Build requirements for slang

shader-slang locates the Slang compiler via:

  1. VULKAN_SDK env var — the LunarG Vulkan SDK ships slangc and the Slang runtime library. Easiest path (same as shaderc).
  2. SLANG_DIR env var — a standalone Slang install from shader-slang/slang releases.
  3. SLANG_INCLUDE_DIR + SLANG_LIB_DIR — split paths.

At runtime, slang.dll / libslang.so / libslang.dylib must be discoverable (same directory as the executable, or on the library search path).

Current limitation

shader-slang 0.1.0 on crates.io only supports loading Slang modules from disk (via search-path resolution). Inline source strings will be supported once a newer shader-slang release exposes them; until then, keep your Slang code in .slang files.

Why Vulkane over ash?

Aspect Vulkane ash
Source of truth vk.xml at build time Hand-curated bindings
New Vulkan version Swap vk.xml, rebuild Wait for crate update
Safe wrapper Built-in: compute + graphics + allocator + sync Raw FFI only
Sub-allocator TLSF + linear pools + defrag built in BYO (gpu-allocator)
Vertex layout #[derive(Vertex)] Manual
Pipeline builder Depth bias, CompareOp, multi-attach, dynamic viewport N/A (raw structs)
Allocation helpers Buffer::new_bound, Queue::upload_buffer<T> N/A
GLSL/WGSL→SPIR-V Optional naga (pure Rust), shaderc (glslang), or slang (Slang + autodiff) feature N/A
Raw escape hatch device.dispatch() + .raw() N/A (always raw)
Maturity New (0.4) Battle-tested

Features

Feature Description
build-support (default) XML parsing and code generation during build
fetch-spec Auto-download vk.xml from Khronos GitHub
naga compile_glsl + compile_wgsl → SPIR-V at runtime (pure Rust)
shaderc compile_glsl / compile_with_options → SPIR-V via Khronos glslang (full GLSL + HLSL)
slang SlangSession / compile_slang_file → SPIR-V via Khronos Slang (modules, generics, autodiff)
derive #[derive(Vertex)] proc macro for vertex layouts

Providing vk.xml

  1. VK_XML_PATH env var — point to any local vk.xml
  2. Local copy at spec/registry/Vulkan-Docs/xml/vk.xml
  3. Auto-download (--features fetch-spec), optionally pinned with VK_VERSION=1.3.250

Supported Vulkan Versions

1.2.175 through the latest release.

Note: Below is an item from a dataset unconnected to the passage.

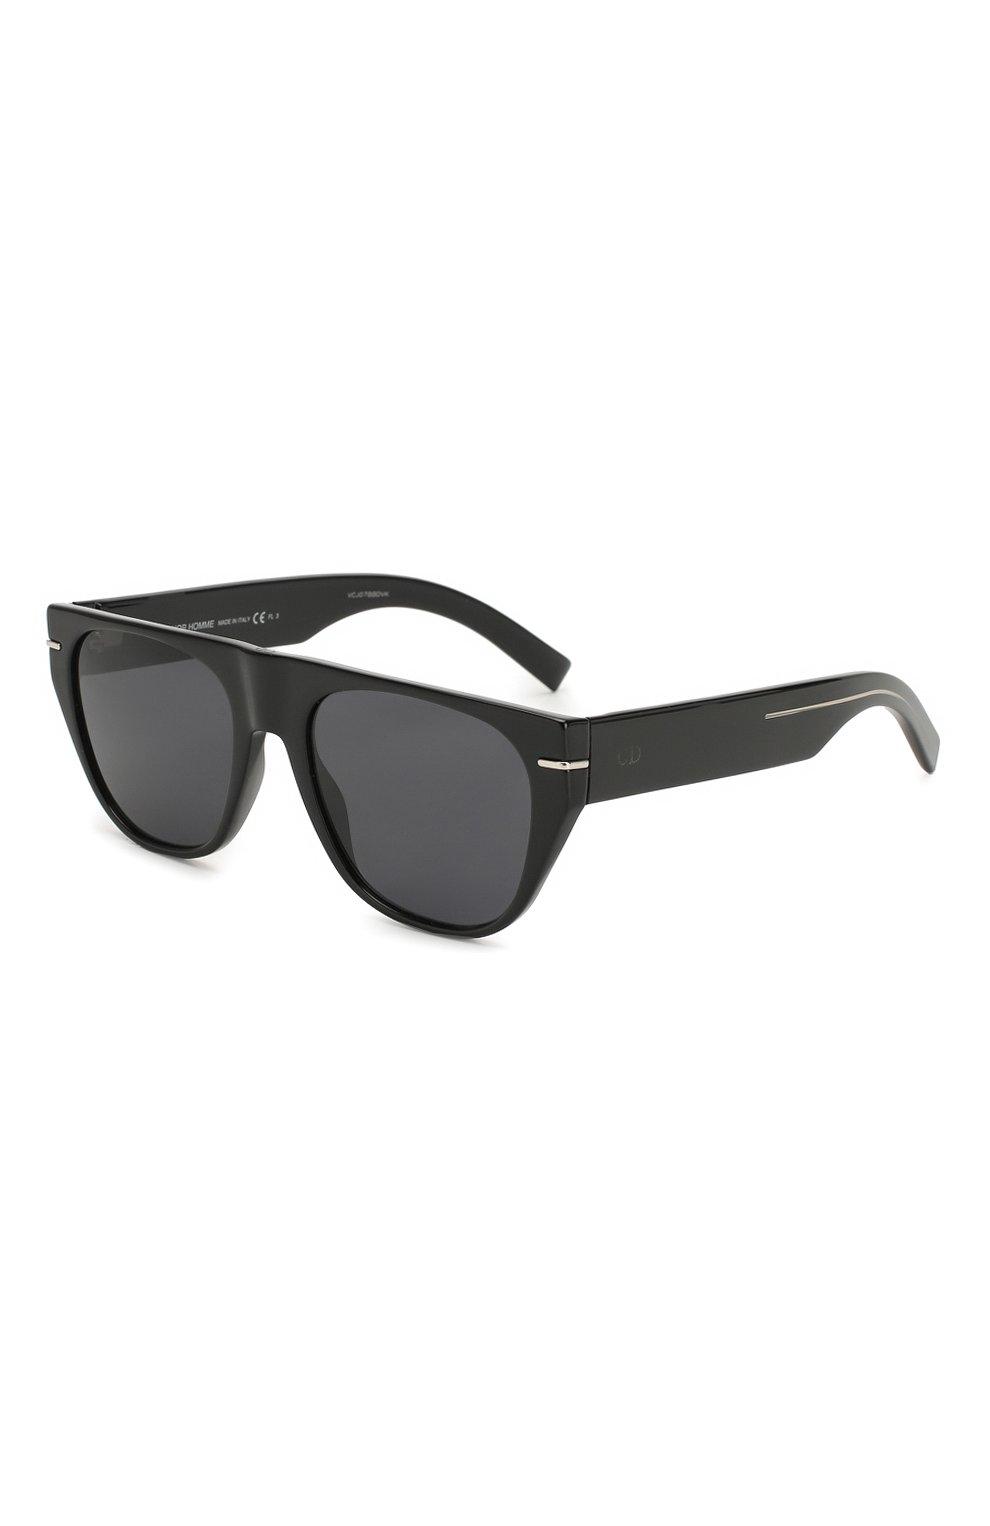 Мужские солнцезащитные очки DIOR черного цвета, арт. BLACKTIE257S 807 | Фото 1

The minimum is set by the VK_MAKE_API_VERSION macros introduced in that version.

Architecture

vk.xml → vulkan_gen (roxmltree parser + codegen) → vulkane crate
                                                    ├── raw/   (generated FFI bindings)
                                                    ├── safe/  (RAII wrapper)
                                                    └── vulkane_derive (proc macros)

License

Licensed under either of:

at your option.

Contribution

Unless you explicitly state otherwise, any contribution intentionally submitted for inclusion in vulkane by you, as defined in the Apache-2.0 license, shall be dual-licensed as above, without any additional terms or conditions.